→ **Stored data**:
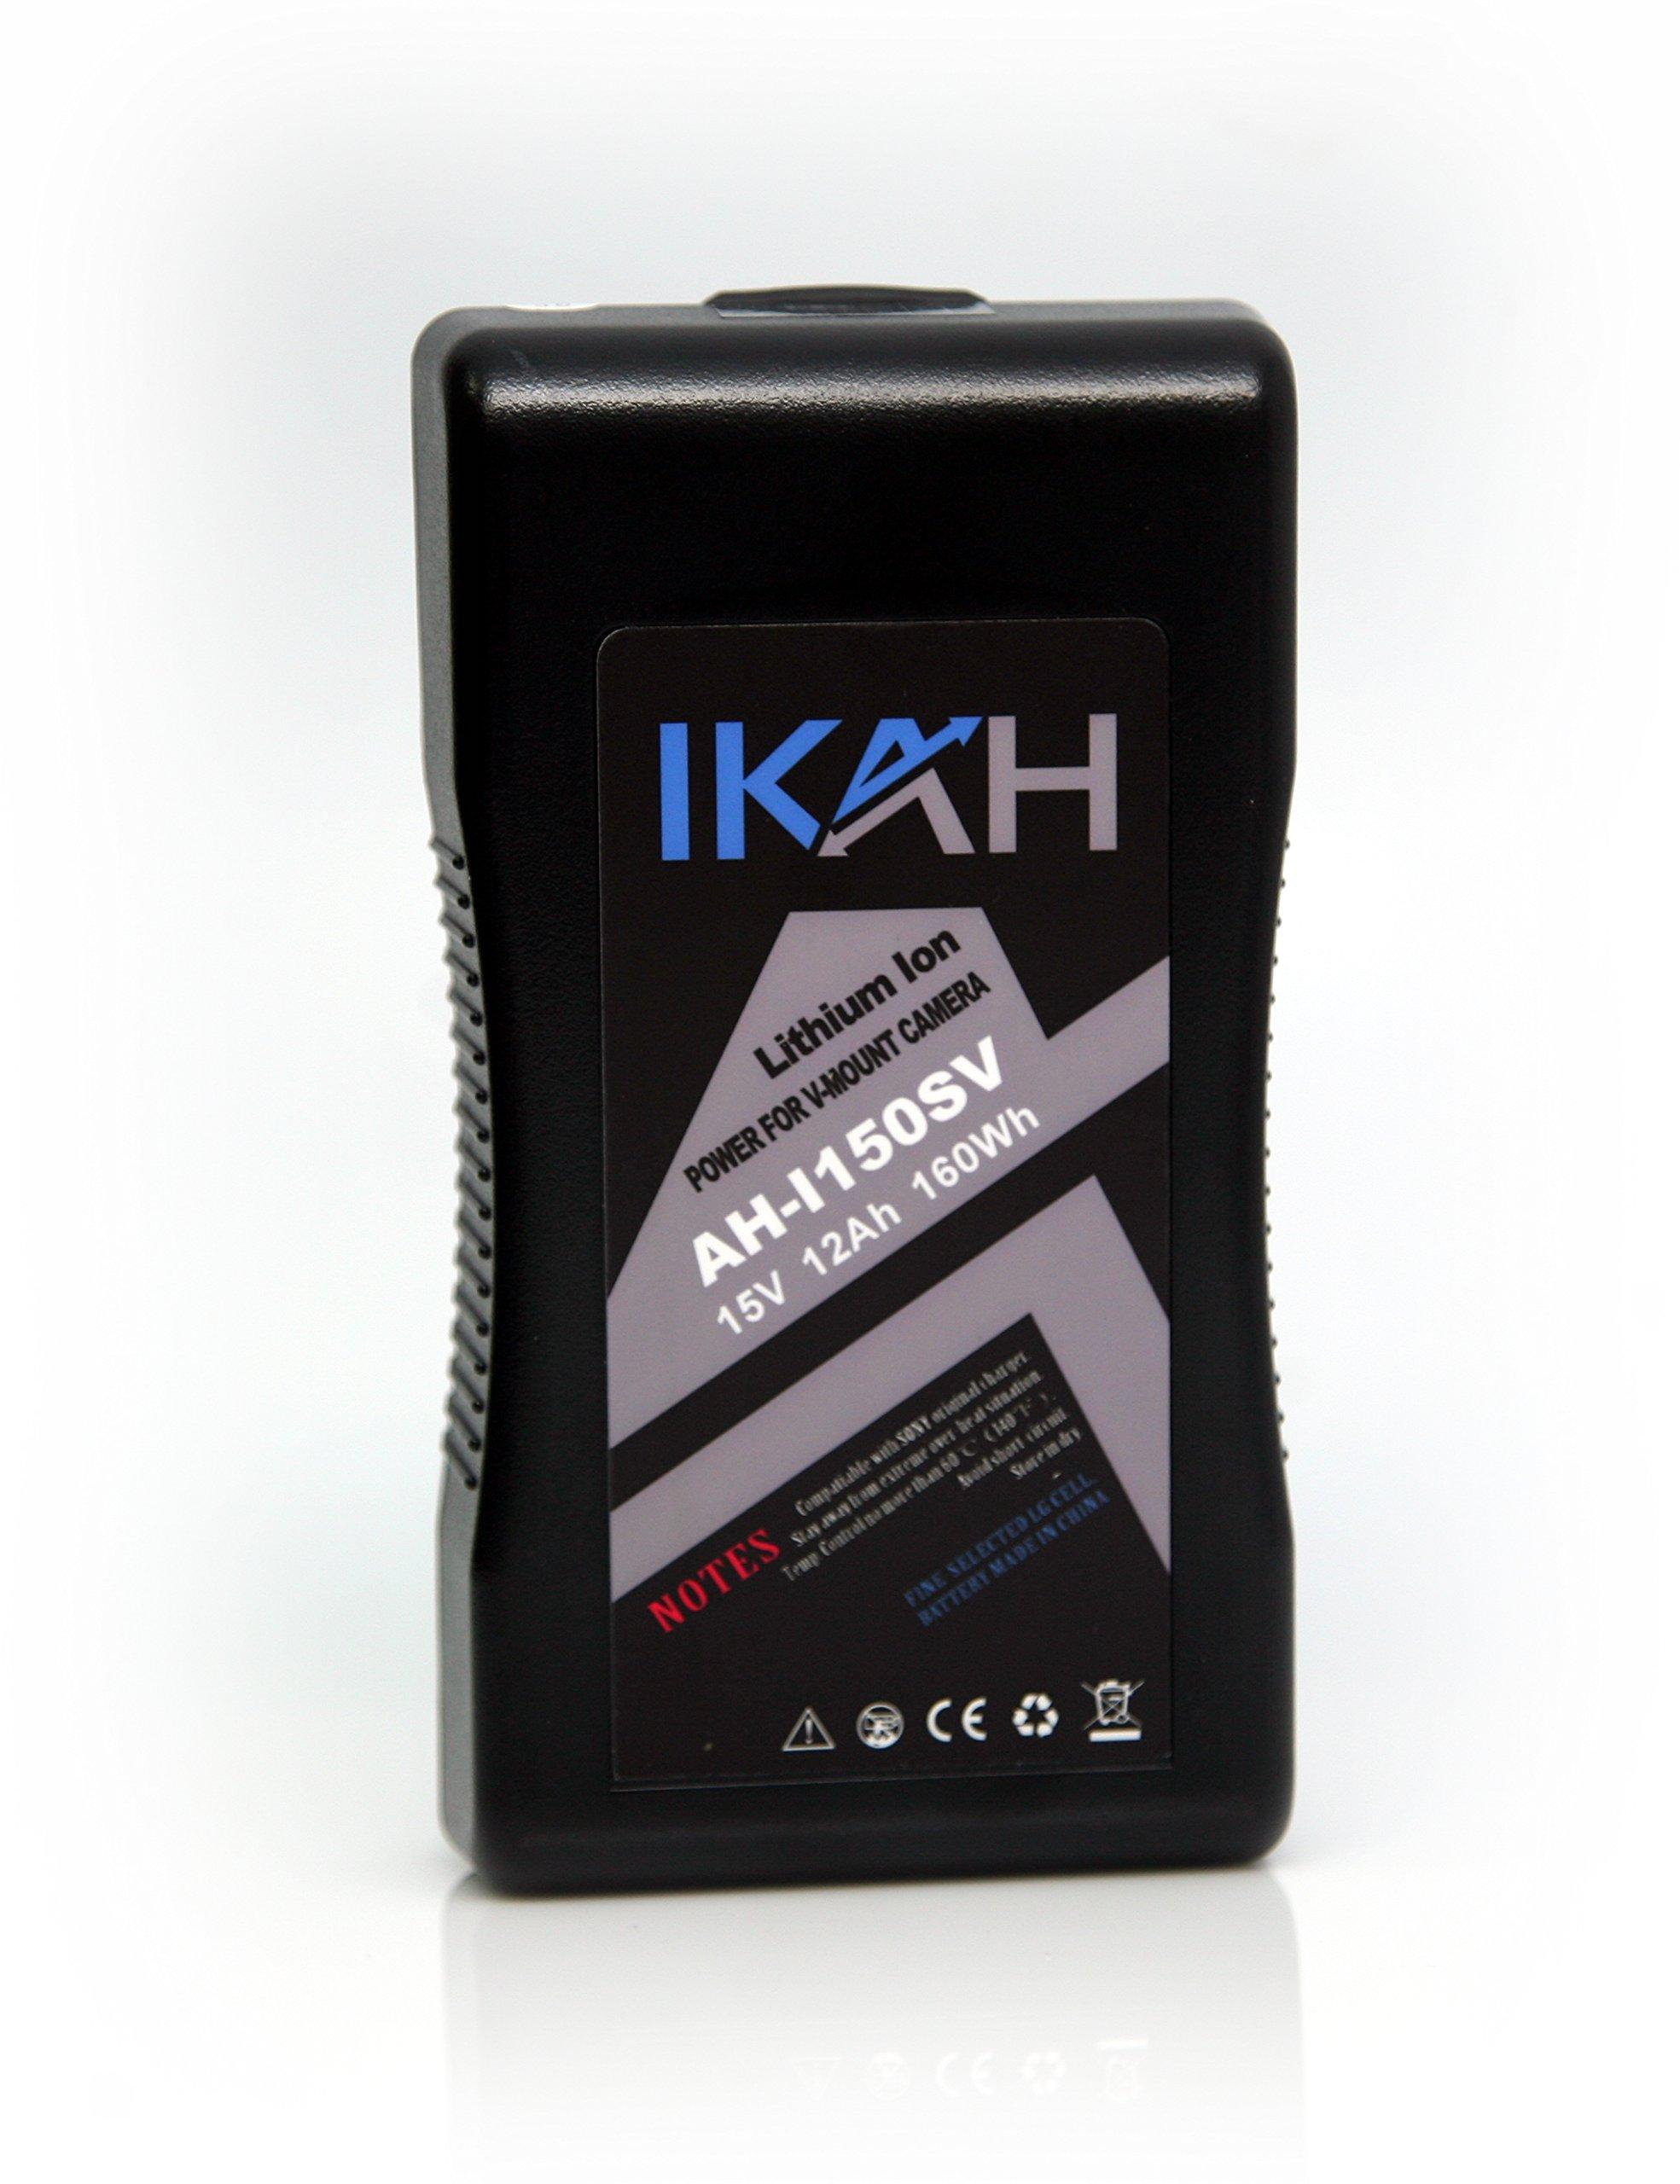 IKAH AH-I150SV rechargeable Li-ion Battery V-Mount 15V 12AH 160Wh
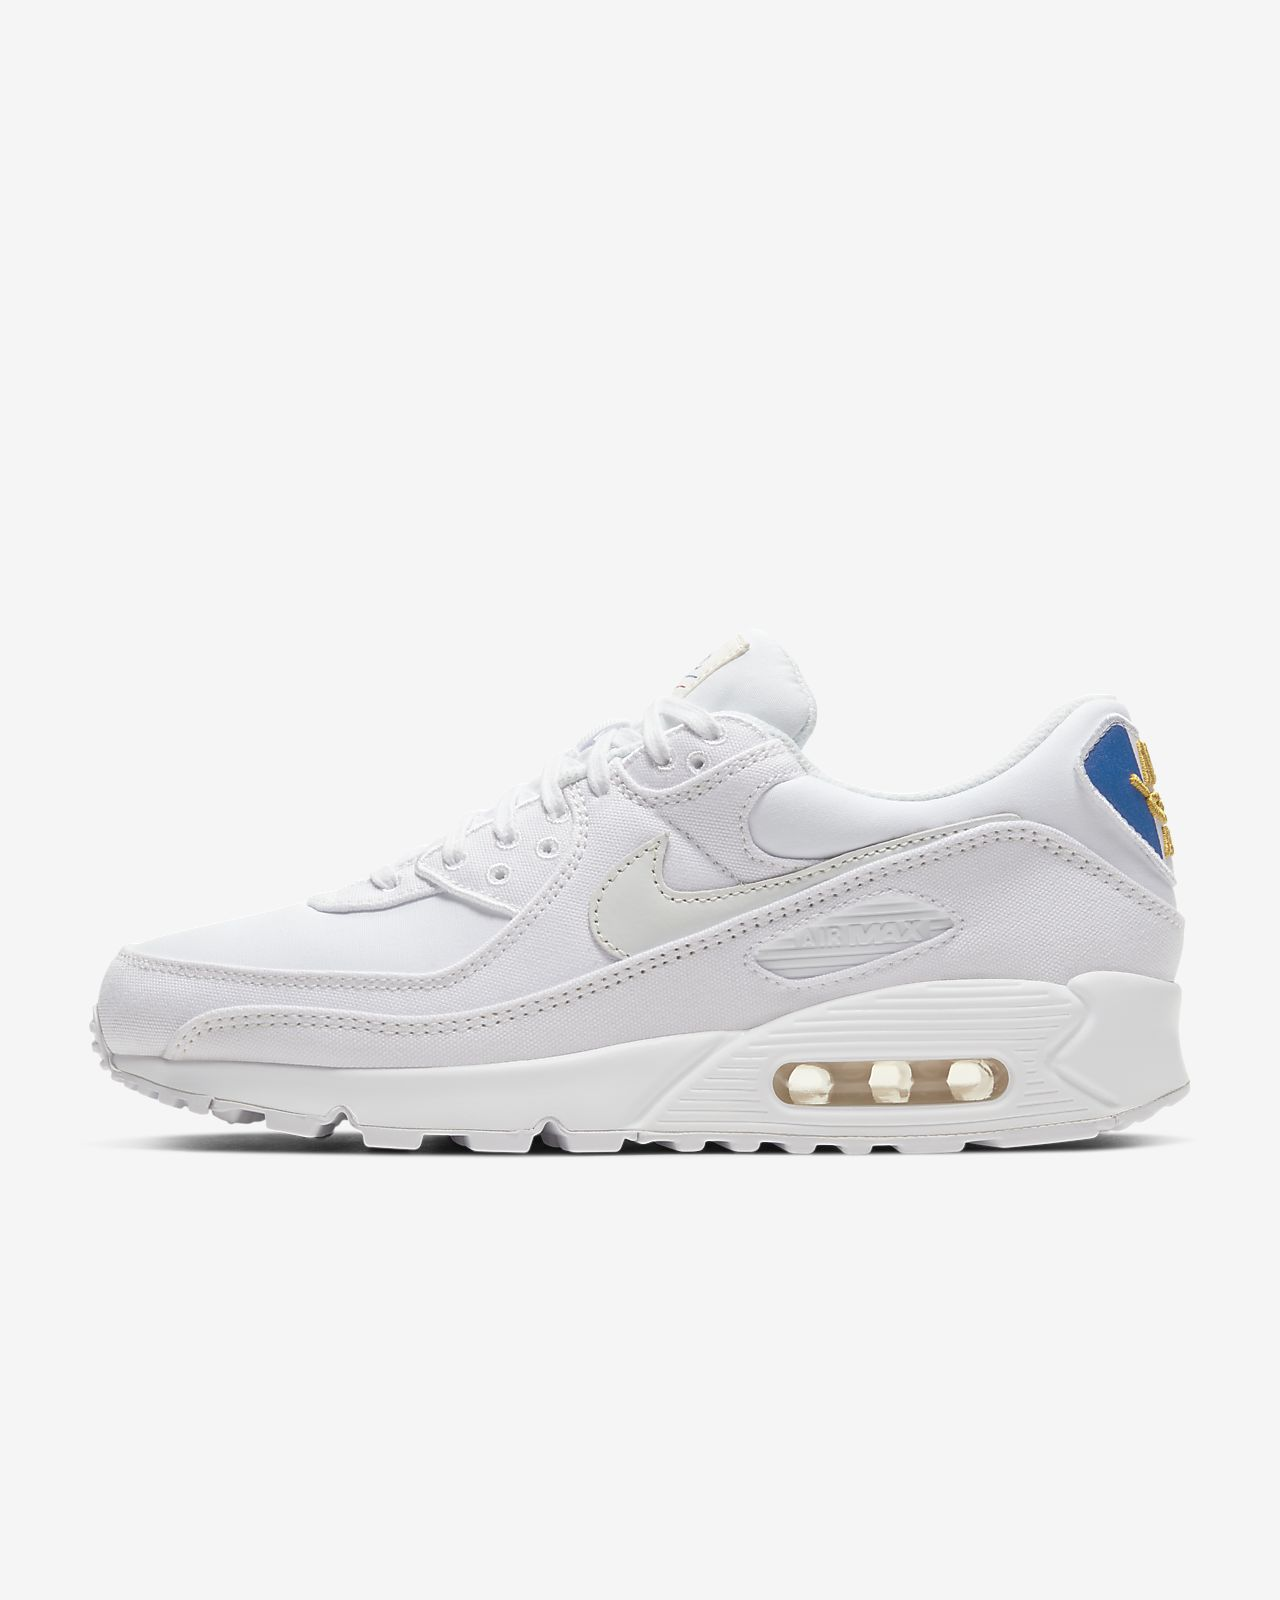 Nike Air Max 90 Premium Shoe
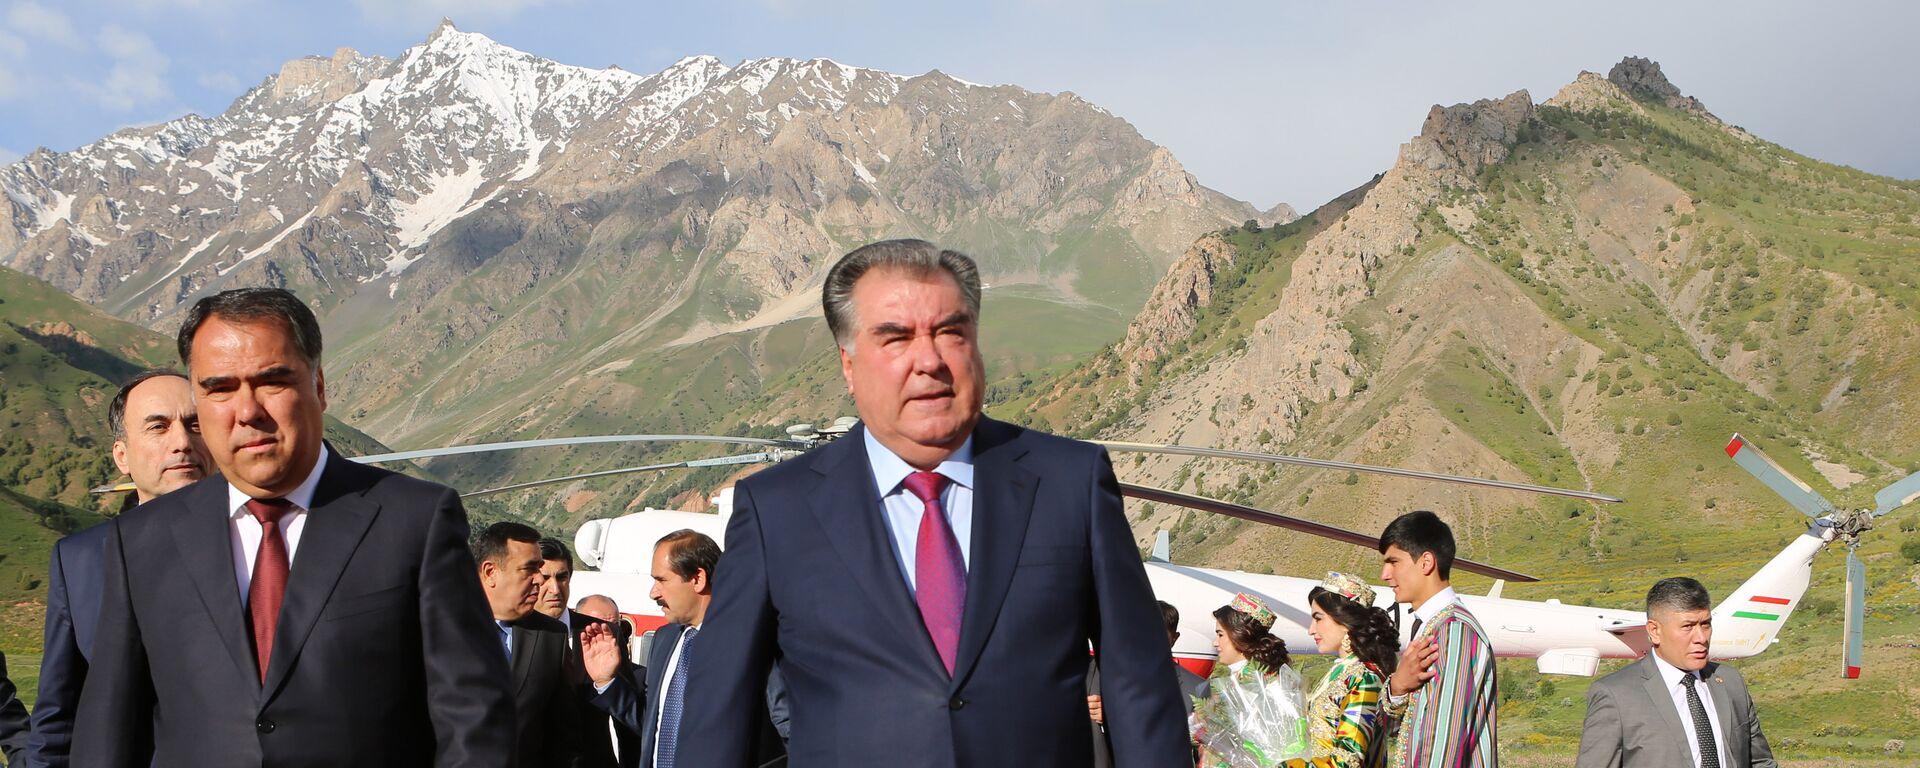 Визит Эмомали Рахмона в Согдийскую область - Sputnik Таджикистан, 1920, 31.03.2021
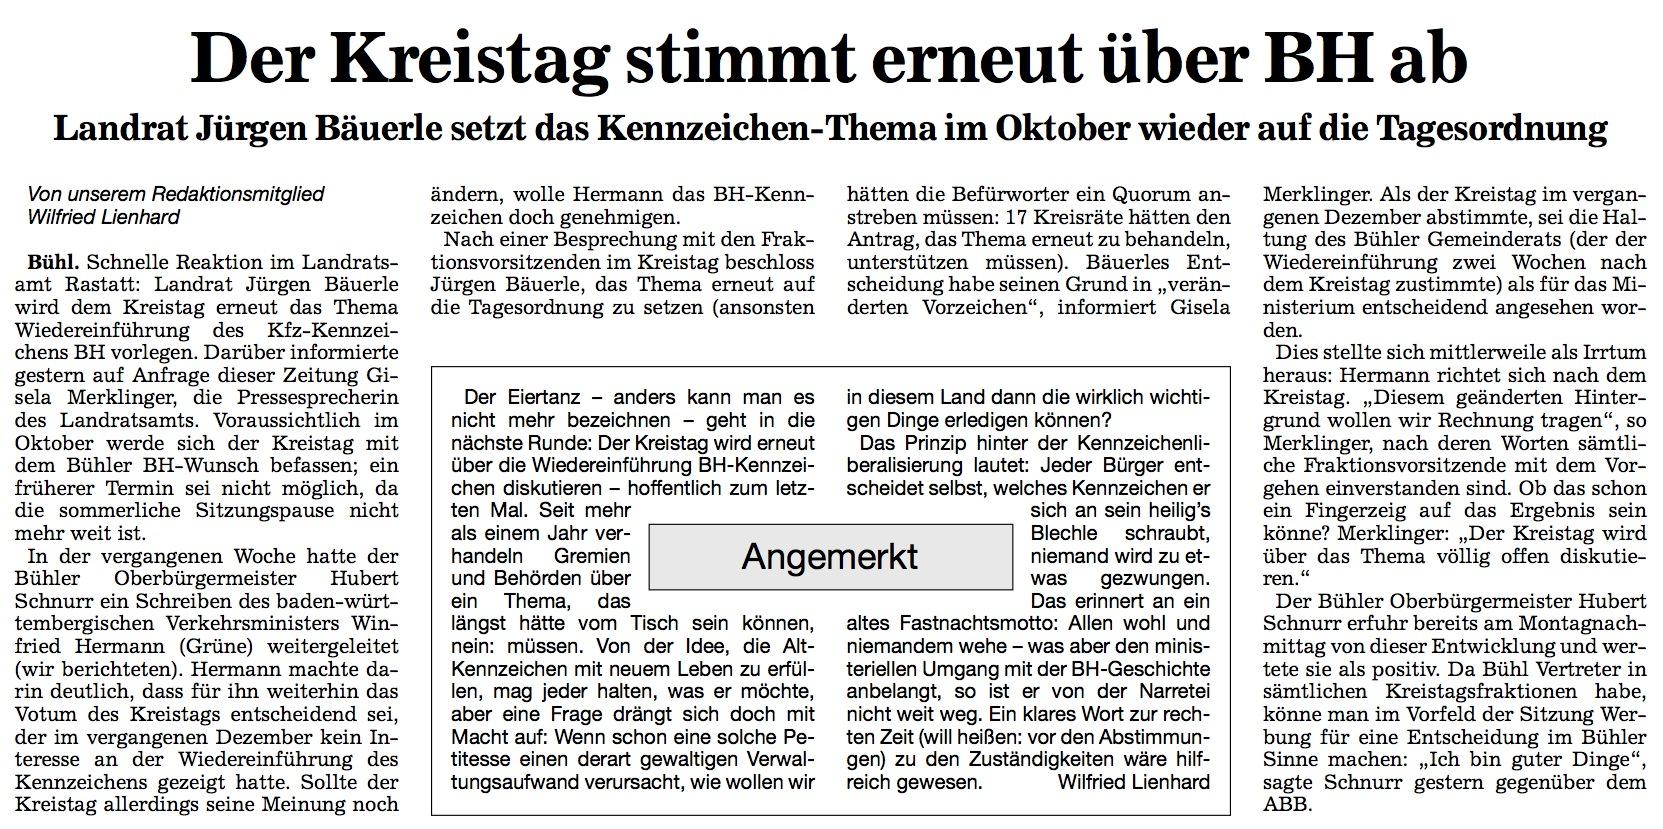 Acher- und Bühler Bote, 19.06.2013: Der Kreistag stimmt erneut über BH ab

→ **Exercise details**: Would you reproduce the listing above exactly, without any of its images?

→ **Task solution**:
 IKAH AH-I150SV rechargeable Li-ion Battery V-Mount 15V 12AH 160Wh
 Nike Air Max 90 Premium Shoe
 Визит Эмомали Рахмона в Согдийскую область - Sputnik Таджикистан, 1920, 31.03.2021
 Acher- und Bühler Bote, 19.06.2013: Der Kreistag stimmt erneut über BH ab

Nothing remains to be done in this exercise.